Gary Perkins as Bliss and Imami Branch as Dream in Theatre Alliance’s “The Blackest Battle.” Photo courtesy of Theatre Alliance.

Psalmayene 24’s latest production is “The Blackest Battle,” a parable set to a love story set in the near future where America has gone through a second civil war after reparations were finally made to Black people. Black people live in a territory called Chief County where they fight against the cascading effects of slavery — Black-on-Black gun violence, rivalries, and a drug called Hope, which is psychologically addictive (it’s some combination of technology and plant-based which seems to take hold through music).

Go to the Theatre Alliance website and buy a ticket. Psalmayene 24 has given us entrée into a world we need to see and hear and feel — now.

Psalmayene 24 has built his story on the bones of “Romeo & Juliet,” with a hearty nod to “West Side Story.” At one point, even under the hip-hop background, I could hear echoes of “Gee Officer Krupe” in the dialogue. It is a clever homage.

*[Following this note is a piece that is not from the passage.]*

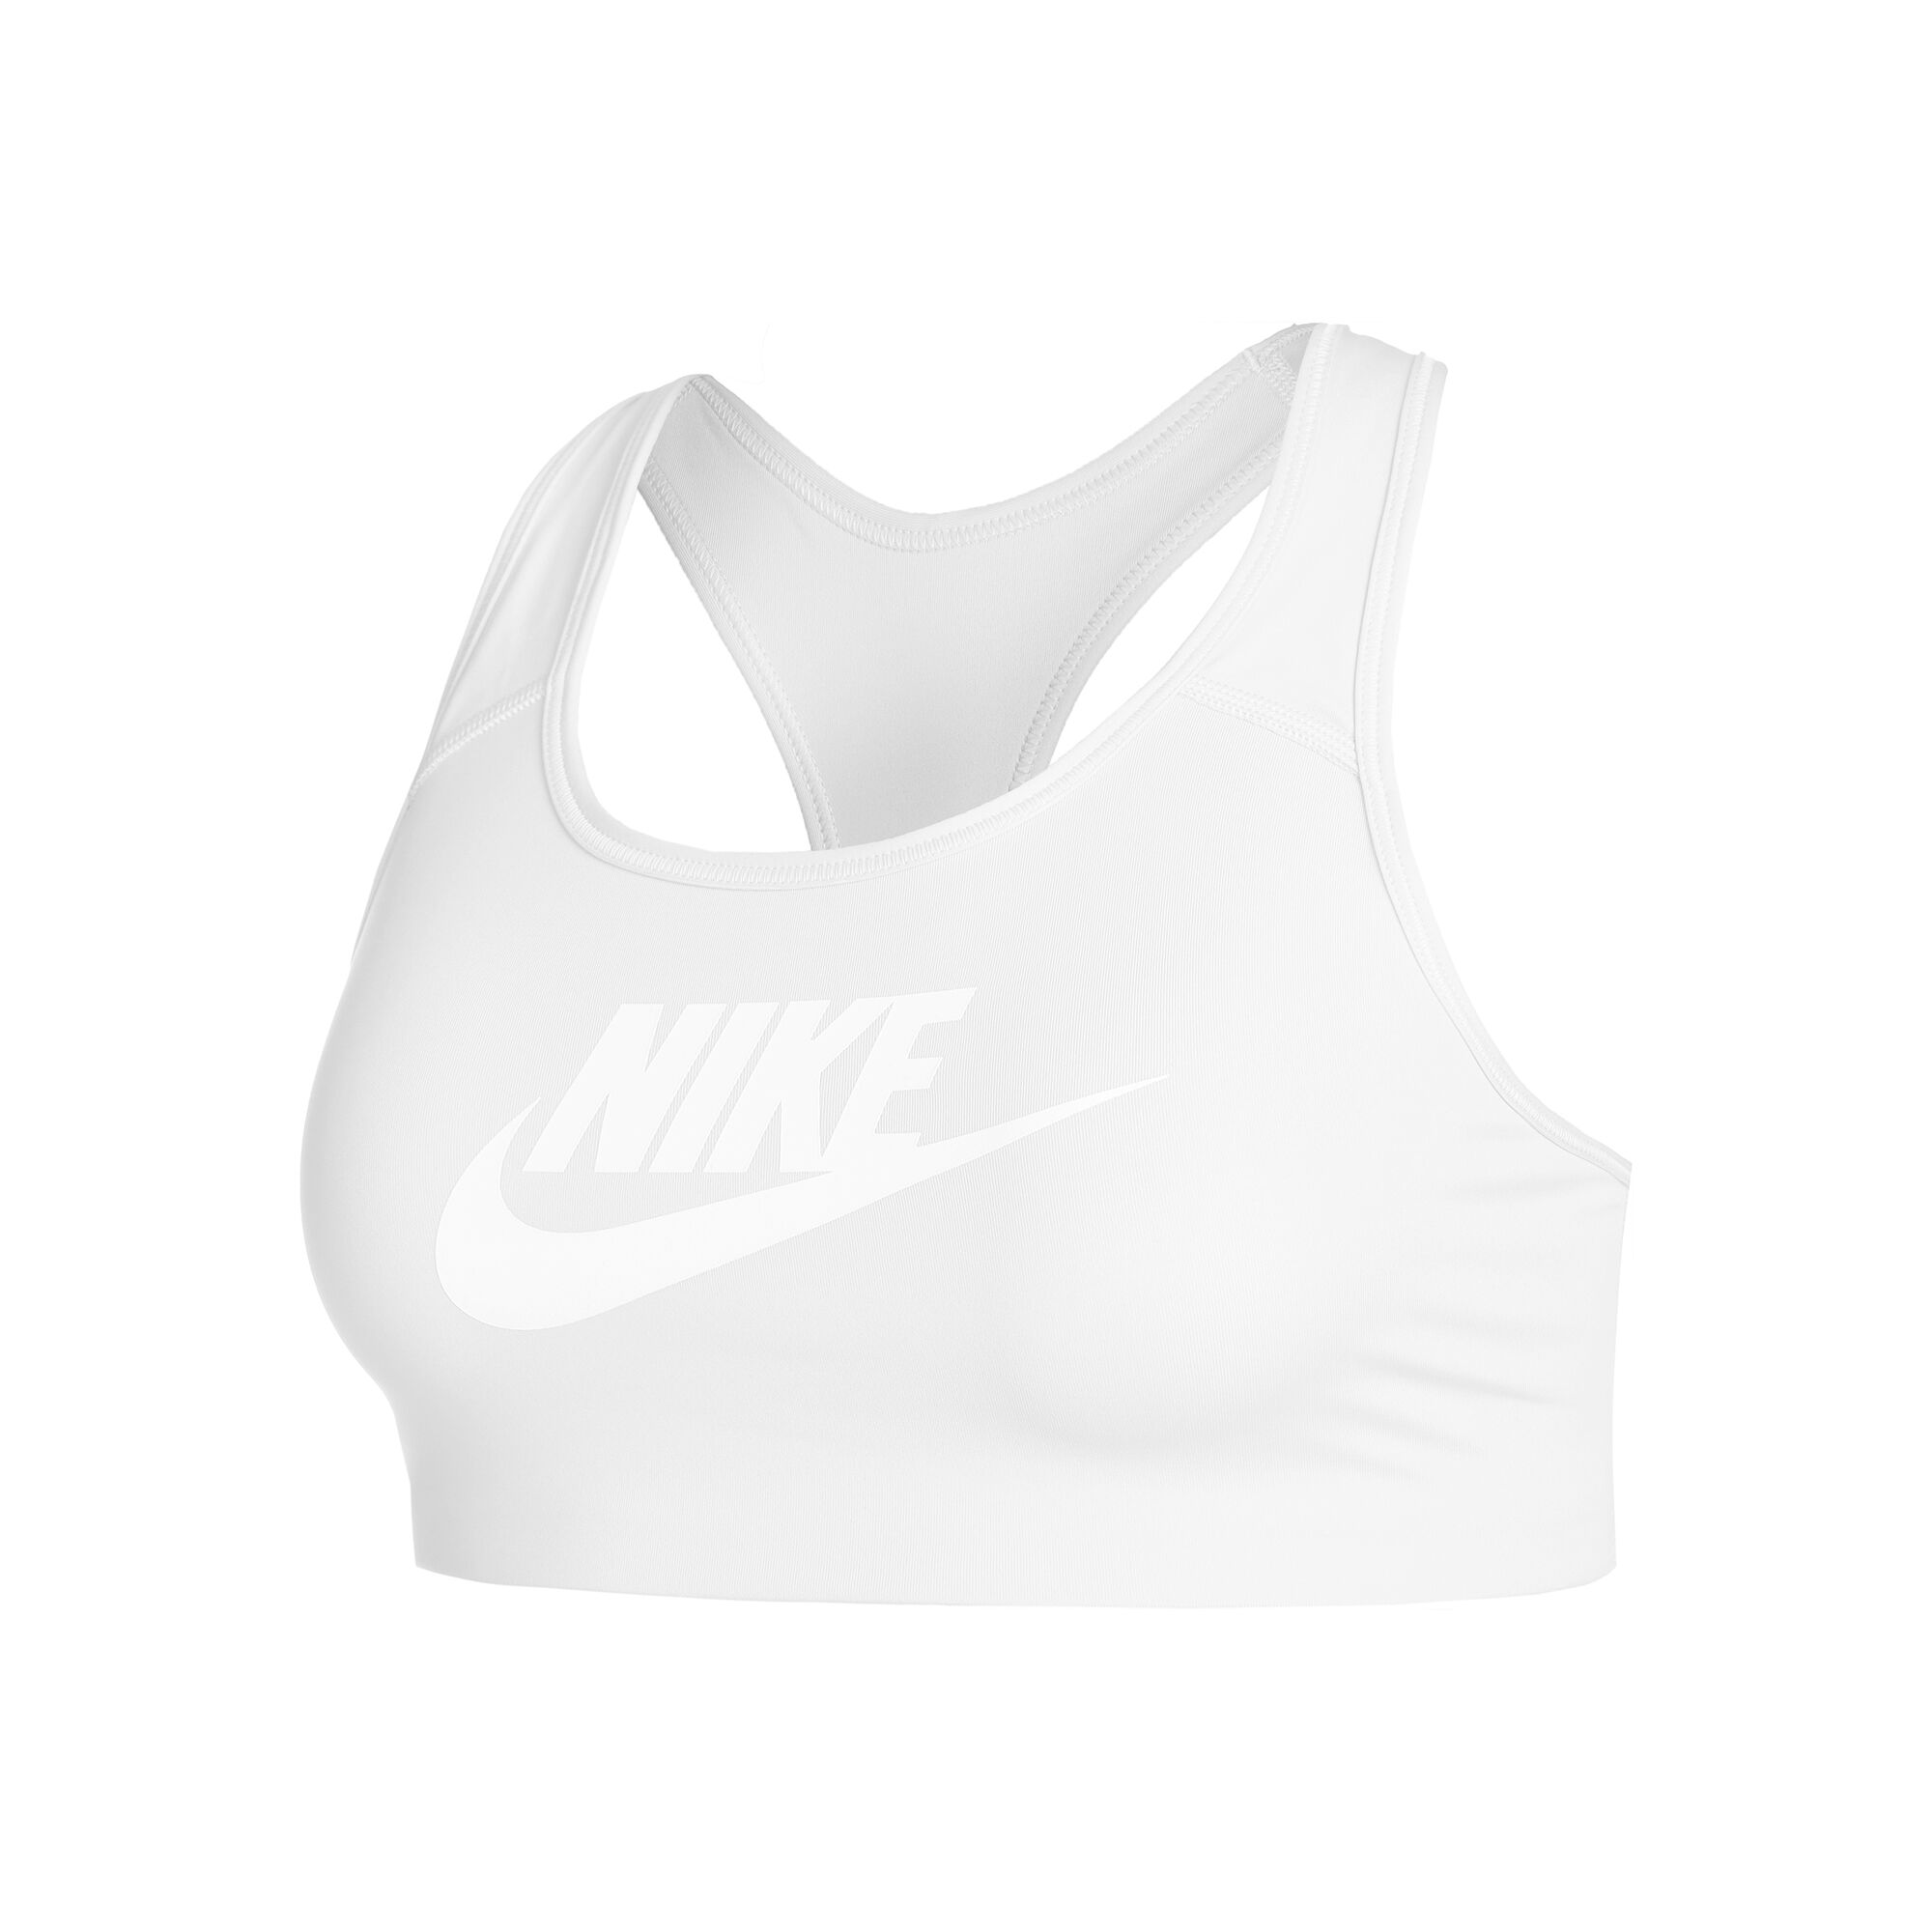  Nike Women's Swoosh Futura Sports Bra (L, White

Only in Chief County, our two rival gangs are two rival music entrepreneurs, vying for top billing and away out of gun dealing, and more. In this stripped-down, fast-paced version, the action coalesces when Dream (Imami Branch) meets Bliss (Gary Perkins) and he persuades her to spend a couple of hours with him while he shows her the underpass and introduces her to Hope.

The one thing her posse won’t allow is using Hope — the leader of their group’s mother died from it. But when Dream tries it with Bliss, she sees a world of possibility for Black people to move forward and unleash their creativity, minds, and souls.

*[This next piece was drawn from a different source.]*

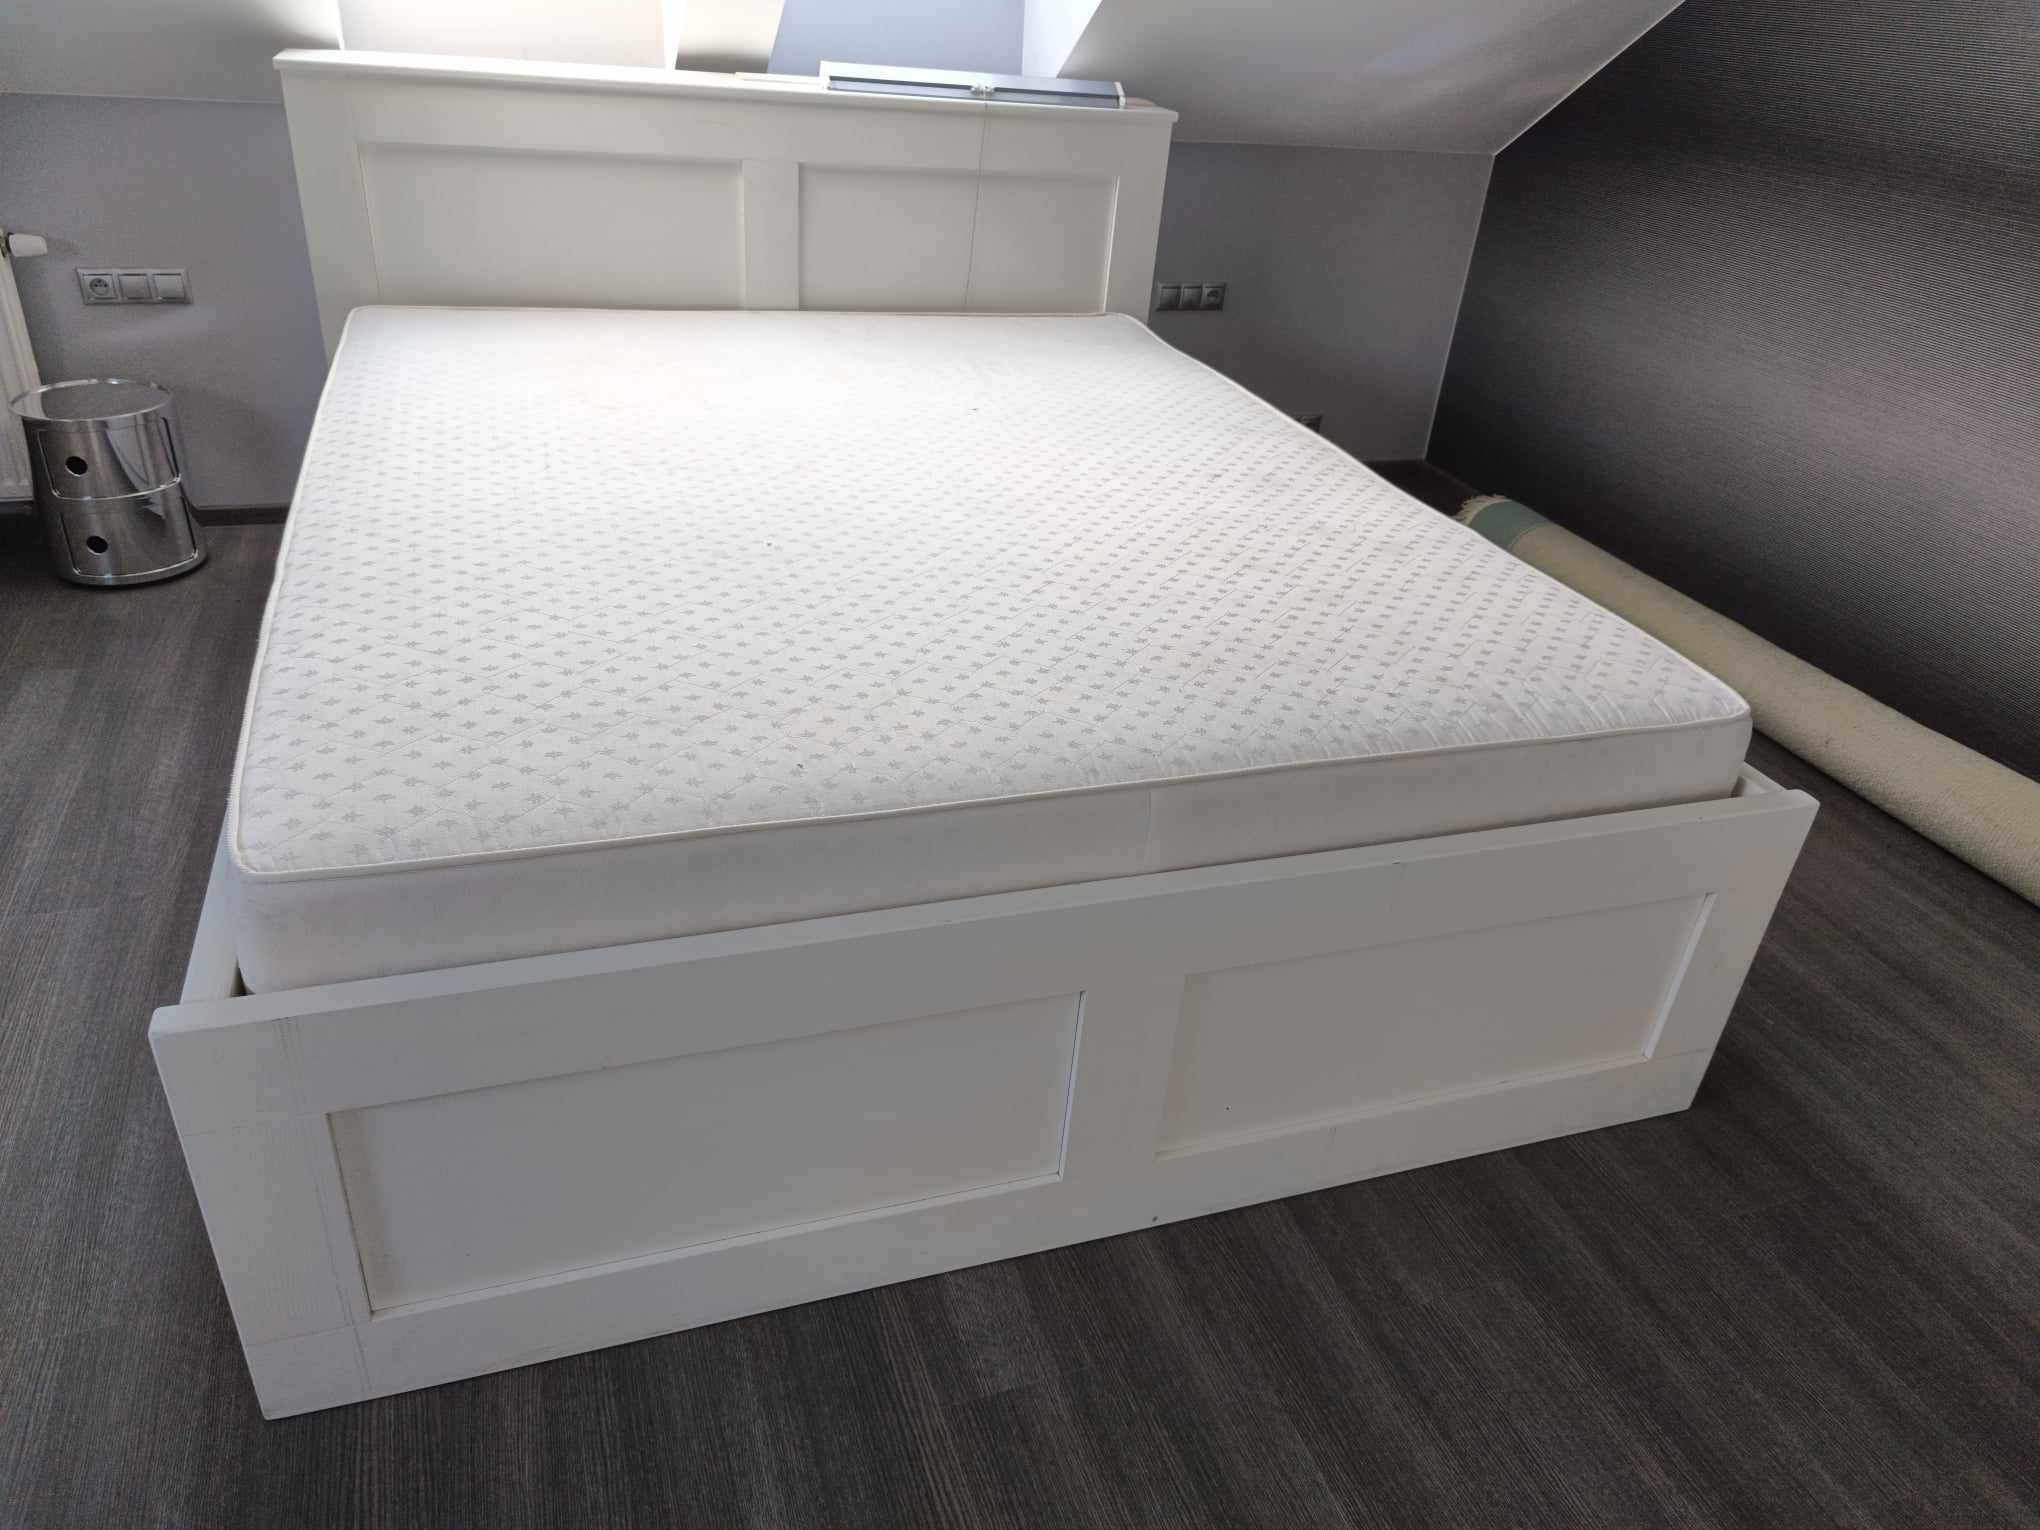 Łóżko drewniane wymiar materaca 220/200(materac gratis)

Unfortunately, life isn’t that kind. While Bliss and Dream sit under the Underpass (Branch and Perkins have a delectable chemistry together), they see a wall of names painted in little white-rimmed rectangles — the names of everyone dead by gun violence for that year. The names are actually of those who have died by gun violence in Washington, DC this past year, and it’s a harsh, unescapable reality. In “The Blackest Battle,” someone will die of gun violence between the rival groups, but it won’t be Bliss or Dream. It will be basically a bystander, an innocent who came upon them and offered some advice.

Tightly directed by Raymond O. Caldwell, the production team does a masterful job of blending the graphic art (Wesley Clark, Camilla King and Maliah Stokes), background art (Rodney “Buck” Herring), props (Amy Kellett), lighting (Dylan Uremovich), sound (Matthew M. Nielson), and photography (Kelly Colburn, who also did the video editing). Animation by Jeremy Bennett, Deja Collins, Dylan Uremovich, and Visual FX artists Kelly Colburn, Deja Collins, Jonathan Dahm Robertson, and Dylan Uremovich bring visual verve and punch to the music, dance, and dialogue.

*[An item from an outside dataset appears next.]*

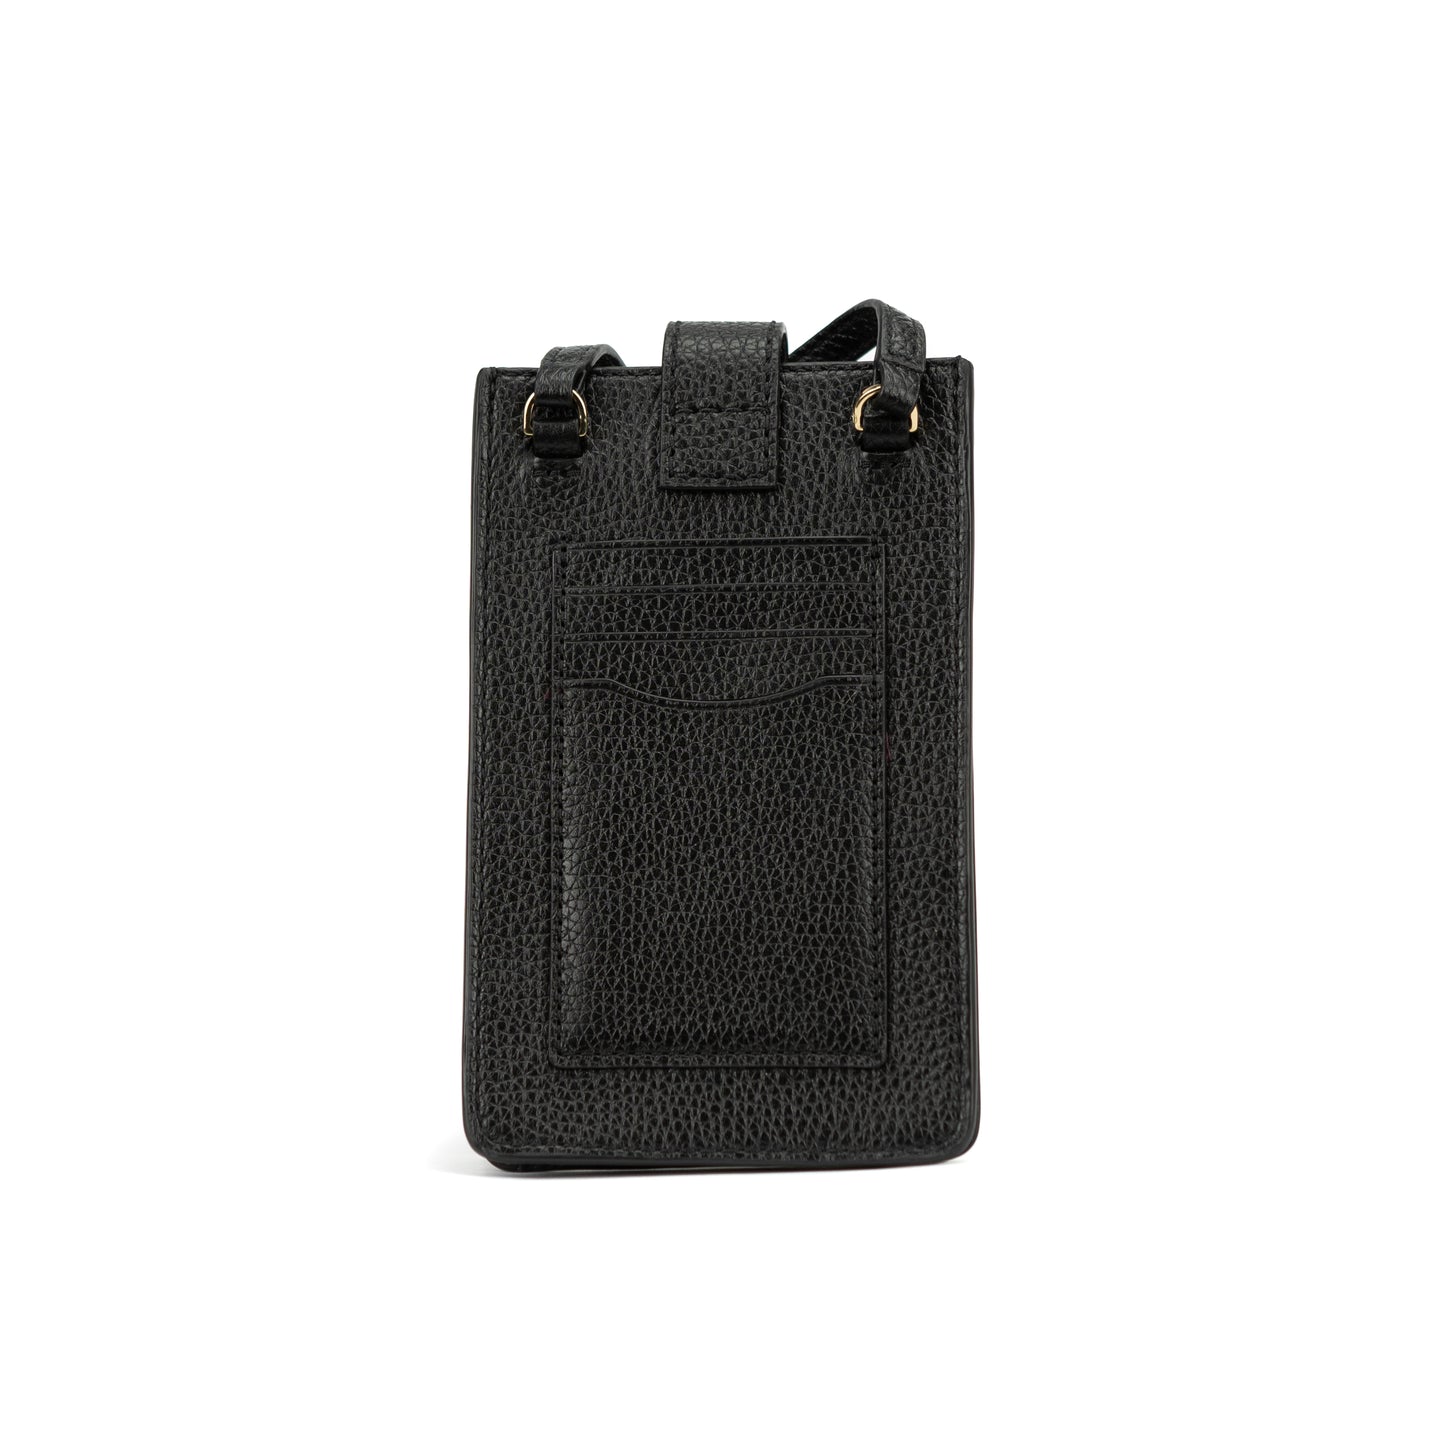 Marc Jacobs Groove Leather Phone Crossbody Bag - Black

But it’s not cartoonish, in the sense of being cute or at a safe remove. This is a visceral show that demands the audience acknowledge and think about the deleterious and on-going effects of centuries of abuse, cruelty, and dehumanization that have led to names on an underpass. The show makes these points with force and vigor because these people have basically died in a war, but where is the memorial honoring their sacrifices?

Go to the Theatre Alliance website and buy a ticket. Psalmayene 24 has given us entrée into a world we need to see and hear and feel — now.

This is an ambitious show, and I’m sorry I didn’t see the original conception when it was presented at the Kennedy Center’s “Page to Stage.”

Running Time: Approximately 90 minutes without intermission.

Advisory: Adult language and drug use. For mature teens and older.